(WHAT YOU ARE ASKED TO DO): Reproduce the listing in full, pictures excluded.

(MATERIAL PROVIDED):
>>

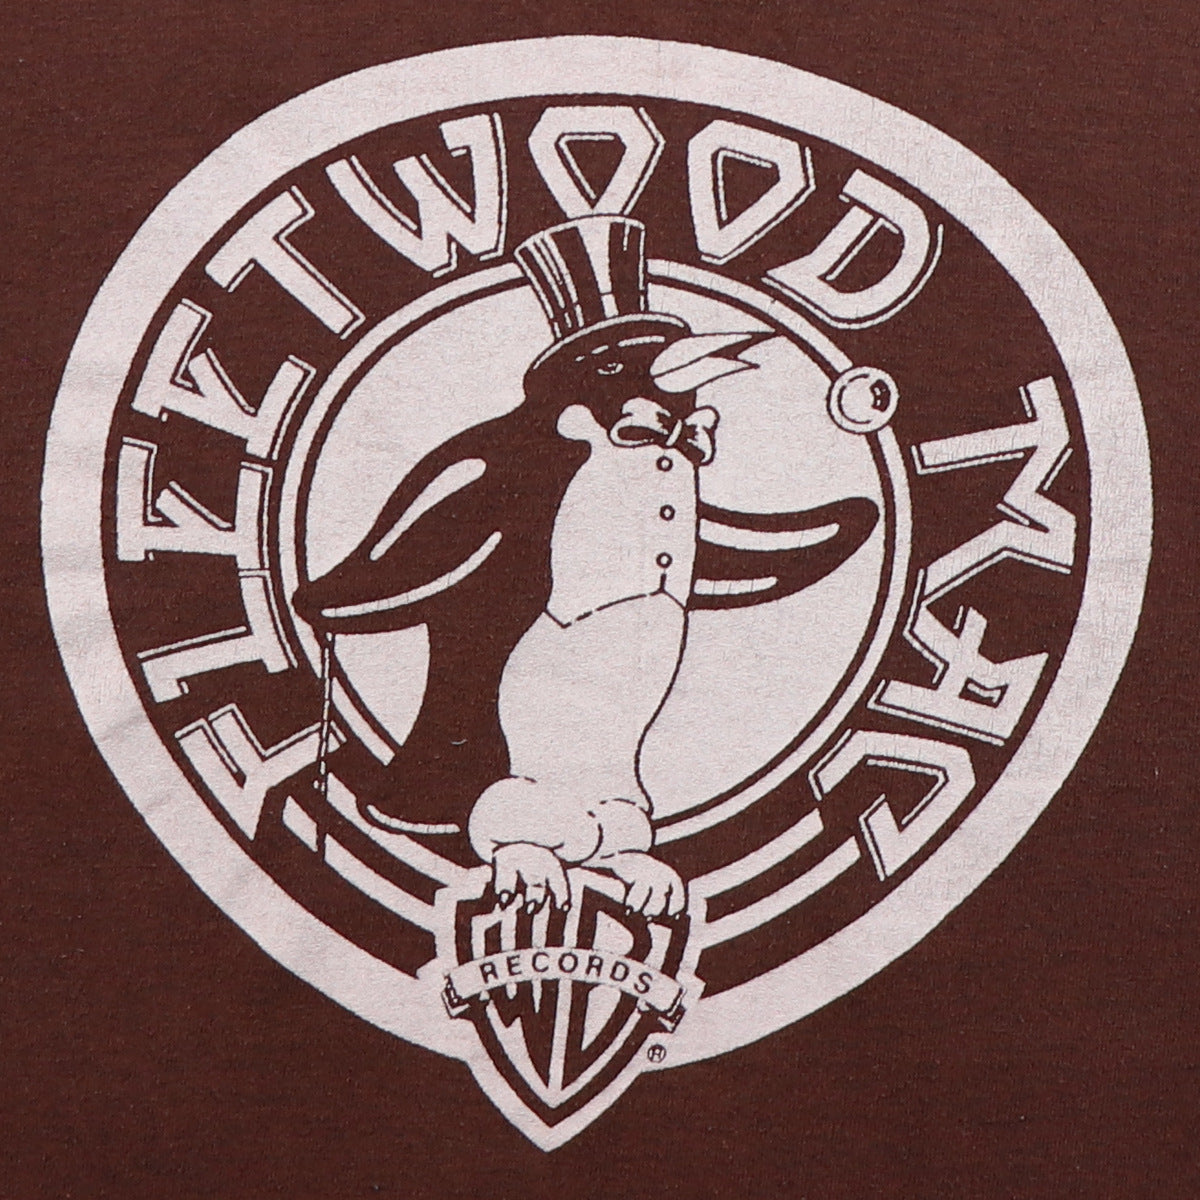 1970s Fleetwood Mac Warner Brothers Promo Shirt
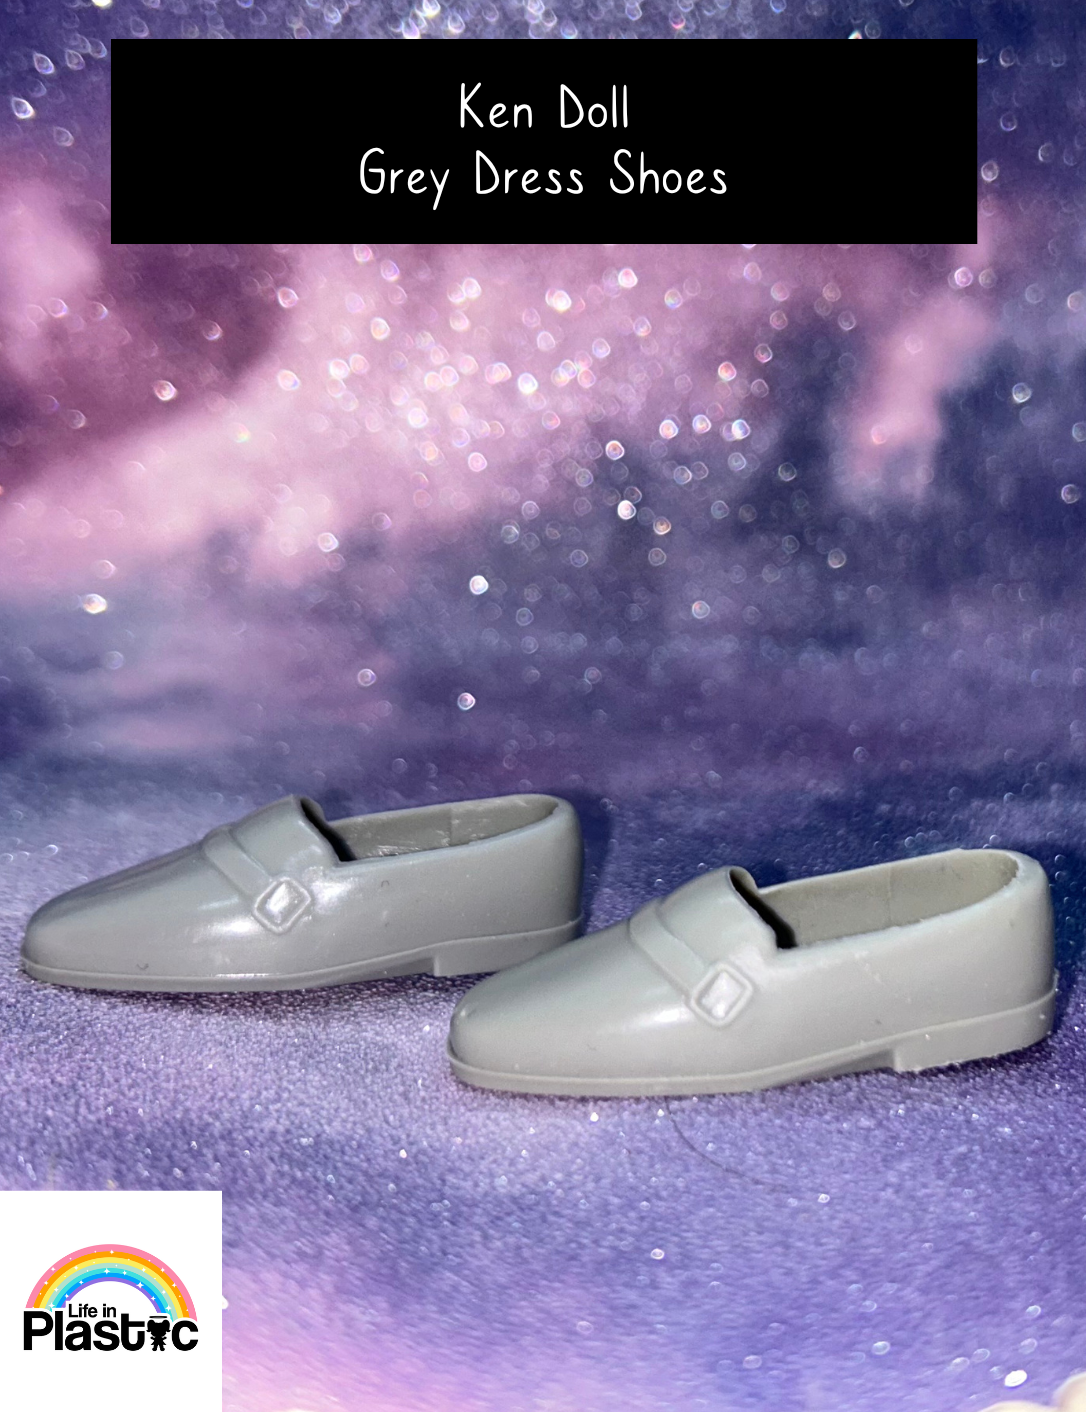 Ken Doll Grey Dress Shoes
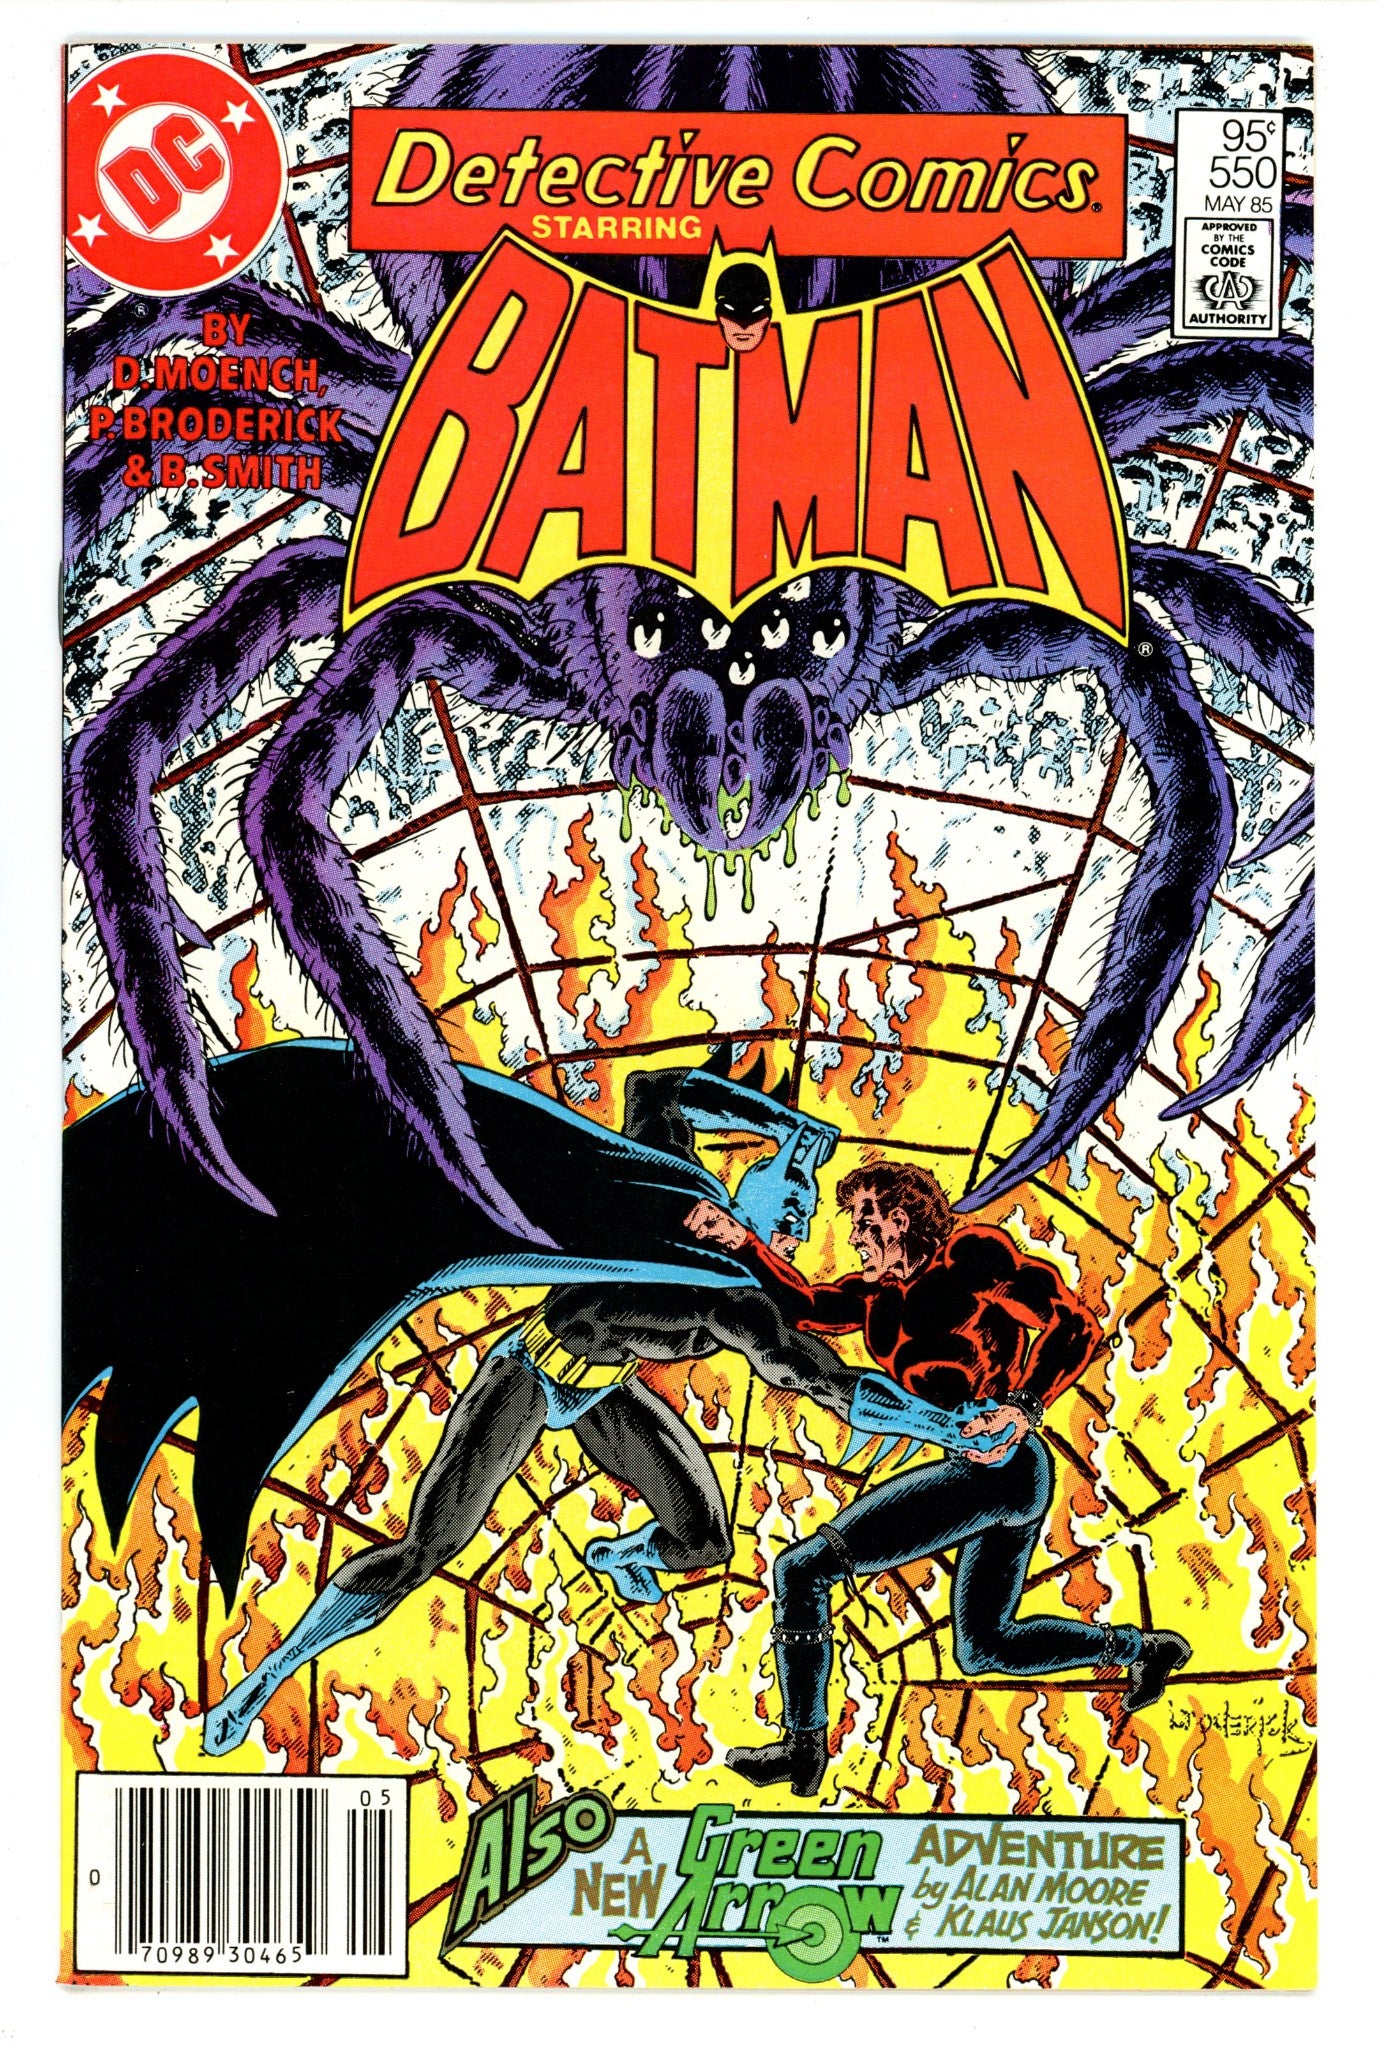 Detective Comics Vol 1 550 VF- (7.5) (1985) Canadian Price Variant

<<

(SOLUTION):
 1970s Fleetwood Mac Warner Brothers Promo Shirt
 Ken Doll Grey Dress Shoes
 Detective Comics Vol 1 550 VF- (7.5) (1985) Canadian Price Variant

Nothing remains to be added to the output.